Despite their thinning line-ups, Boston's Beantown Bombers had dominated the American League on the way to their fifth World Series appearance. With an undefeated post-season record of 4-0 (they had won as both the Red Sox and the Americans) they were primed and ready for #5. With an elite pitching staff including Carl Mays, "Sad" Sam Jones and "Bullet" Joe Bush, not to mention the multi-talented Babe Ruth, Ed Barrow's team had won the shortened American League pennant race with a 75-51 record. Ruth split time between the outfield and the mound for the first time in his young career and managed to toss thirteen wins, bat .300 and hit a league leading eleven home runs. Their National League rivals, the Chicago Cubs were returning to the big show with an impressive 84-45 tally and an equally promising group on the mound. "Hippo" Vaughn had led the National League with twenty-two victories and was backed up by Claude Hendrix with tweny wins and Lefty Tyler with nineteen.

The Cubs opened Game 1 at Comiskey Park, home of the cross-town rival White Sox, rather than their own Weeghman Park (later named Wrigley Field) due to it's larger seating capacity. Trading ballparks was not that unusual back in the day, as the Red Sox had chosen Braves Field over their own Fenway Park for their previous two Series appearances.
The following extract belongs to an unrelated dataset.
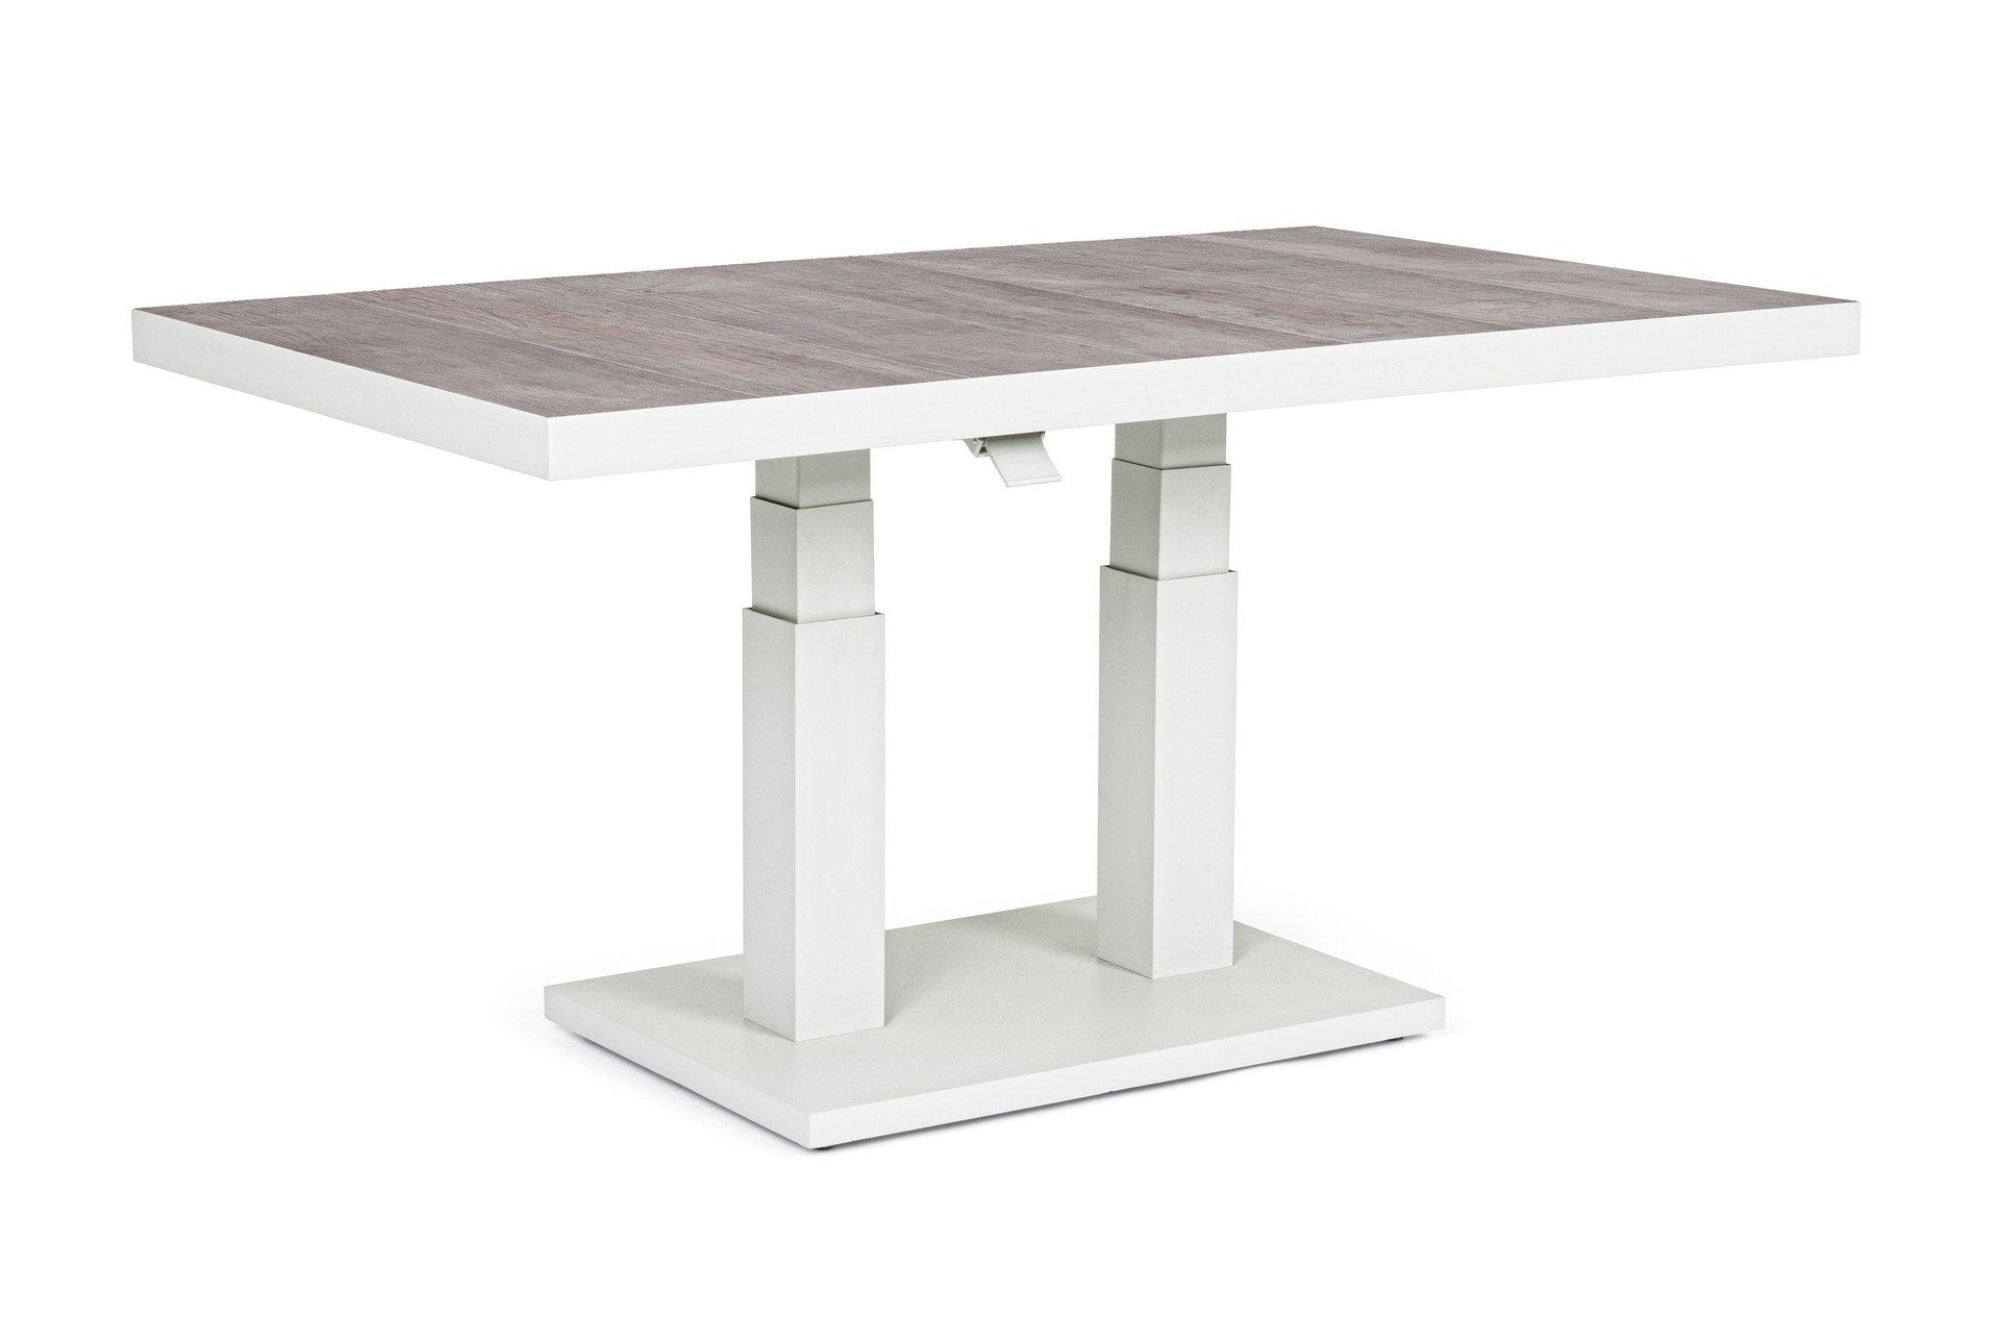 Truman Kerti állítható asztal, Bizzotto, 140 x 82 x 49-72 cm, alumínium, kerámia asztallap, szürke

Babe Ruth continued to build on his post-season legacy by extending his consecutive scoreless innings from thirteen to twenty-two against "Hippo" Vaughn in a 1-0 victory. Lefty Tyler managed to even it up the following day by throwing a six hit, 3-1 decision. Vaughn returned for revenge in Game 3 backed by his teams newfound momentum, but fell short after losing a 3-1 heartbreaker to Carl Mays.

A well-rested Ruth returned to the mound for Game 4 and increased his scoreless streak to a record twenty-nine consecutive innings with a 3-2 win that also featured a great performance at the plate. The Babe had delivered the winning hit as well with a huge two run triple in the fourth. Boston was now up three games to one. Vaughn finally had his revenge in Game 5 tossing a five hitter and blanking the Red Sox with a 3-0 triumph, but it would be all the Cubs could muster. Game 6, would be their last stand as Mays buried the hatchet in the form of a three hit 2-1 triumph that ended the Series and crowned his franchise as five-time World Champions. Boston's grand finale almost didn't take place as the game was delayed due to a heated players debate over gate receipts. Series shares would be reduced drastically because, for the first time, all first-division clubs shared in the revenue. Without a doubt, pitching was easily the most notable statistic of the 1918 Series. Boston's pitchers had combined for an impressive 1.70 ERA and Chicago's boasted an even better 1.04. Neither team scored more than three runs in a game and there wasn't a single homerun in all six. The victorious Sox batted a miserable.186 and the losing Cubs swung a lowly .210.